Khorsand Peyman, Soltani Alireza
Department of Psychological and Brain Sciences, Dartmouth College, New Hampshire, United States of America.
PLoS Comput Biol. 2017 Jun 28;13(6):e1005630. doi: 10.1371/journal.pcbi.1005630. eCollection 2017 Jun.

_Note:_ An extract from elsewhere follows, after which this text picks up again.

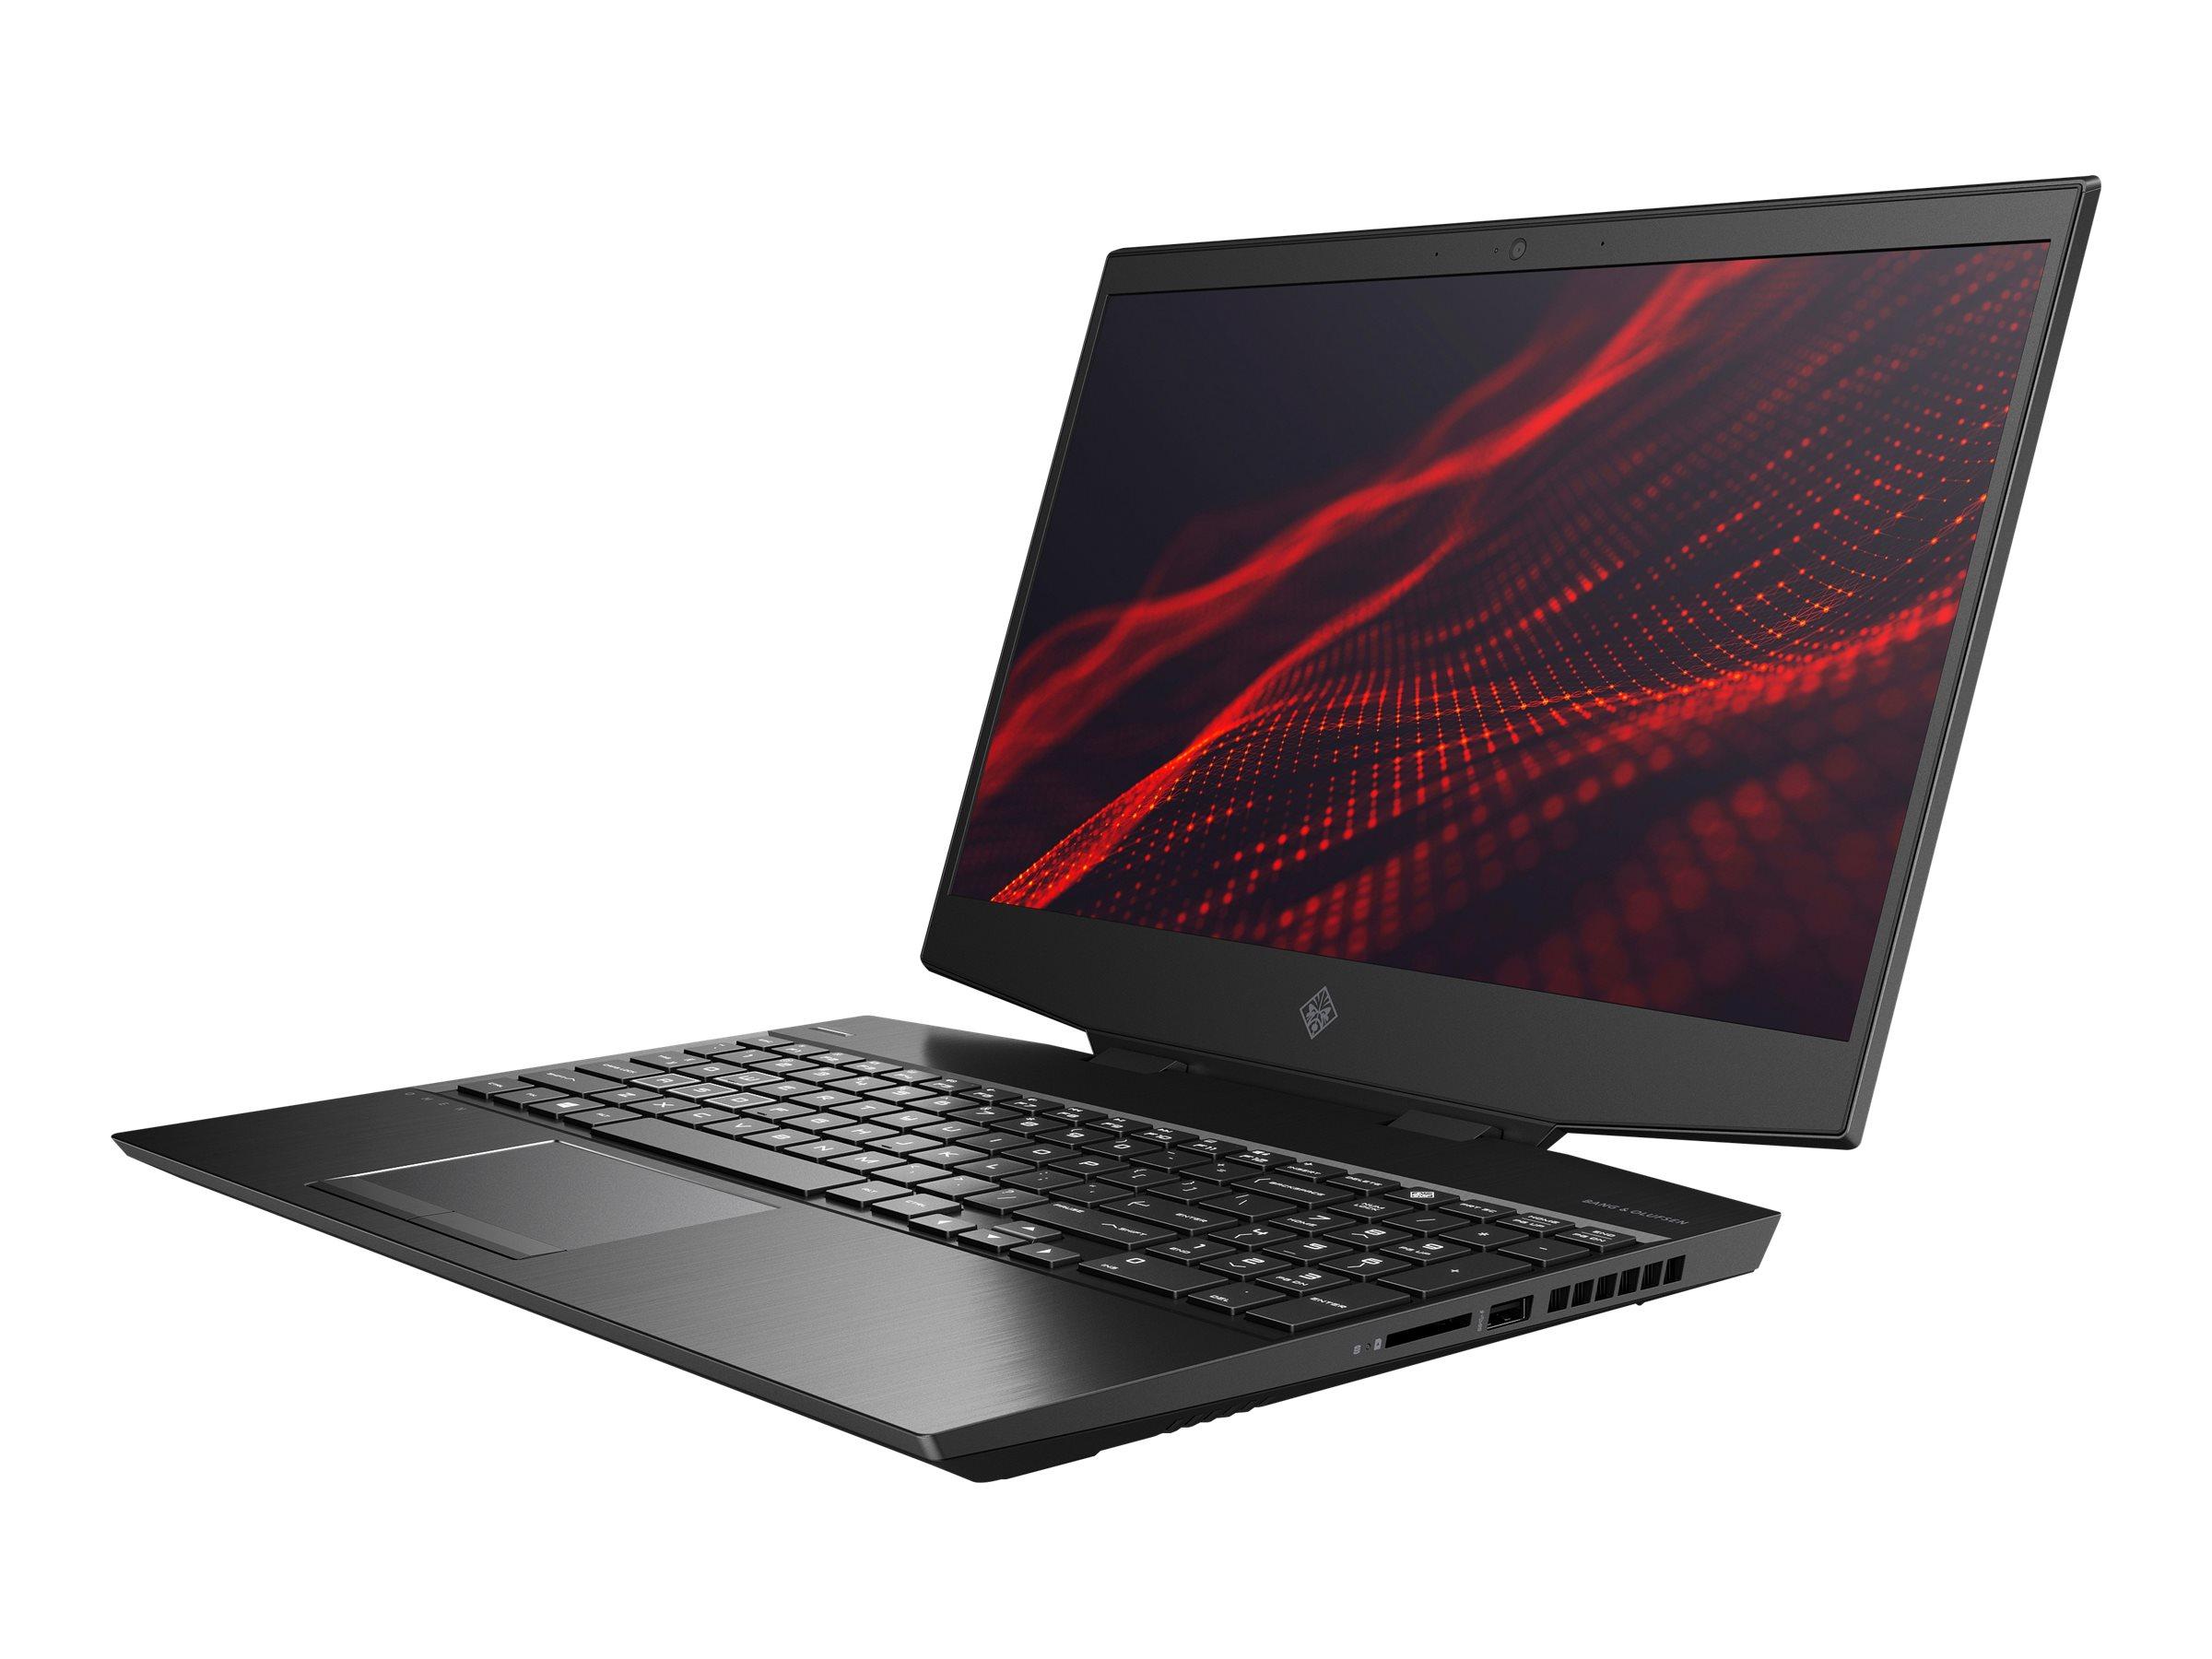 HP OMEN by HP 15-dh1085ng - Core i7 10750H / 2.6 GHz - Win 10 Home 64-Bit - 16 GB RAM - 512 GB SSD NVMe + 1 TB HDD - 39.6 cm (15

Learning from reward feedback in a changing environment requires a high degree of adaptability, yet the precise estimation of reward information demands slow updates. In the framework of estimating reward probability, here we investigated how this tradeoff between adaptability and precision can be mitigated via metaplasticity, i.e. synaptic changes that do not always alter synaptic efficacy. Using the mean-field and Monte Carlo simulations we identified 'superior' metaplastic models that can substantially overcome the adaptability-precision tradeoff. These models can achieve both adaptability and precision by forming two separate sets of meta-states: reservoirs and buffers. Synapses in reservoir meta-states do not change their efficacy upon reward feedback, whereas those in buffer meta-states can change their efficacy. Rapid changes in efficacy are limited to synapses occupying buffers, creating a bottleneck that reduces noise without significantly decreasing adaptability. In contrast, more-populated reservoirs can generate a strong signal without manifesting any observable plasticity. By comparing the behavior of our model and a few competing models during a dynamic probability estimation task, we found that superior metaplastic models perform close to optimally for a wider range of model parameters. Finally, we found that metaplastic models are robust to changes in model parameters and that metaplastic transitions are crucial for adaptive learning since replacing them with graded plastic transitions (transitions that change synaptic efficacy) reduces the ability to overcome the adaptability-precision tradeoff. Overall, our results suggest that ubiquitous unreliability of synaptic changes evinces metaplasticity that can provide a robust mechanism for mitigating the tradeoff between adaptability and precision and thus adaptive learning.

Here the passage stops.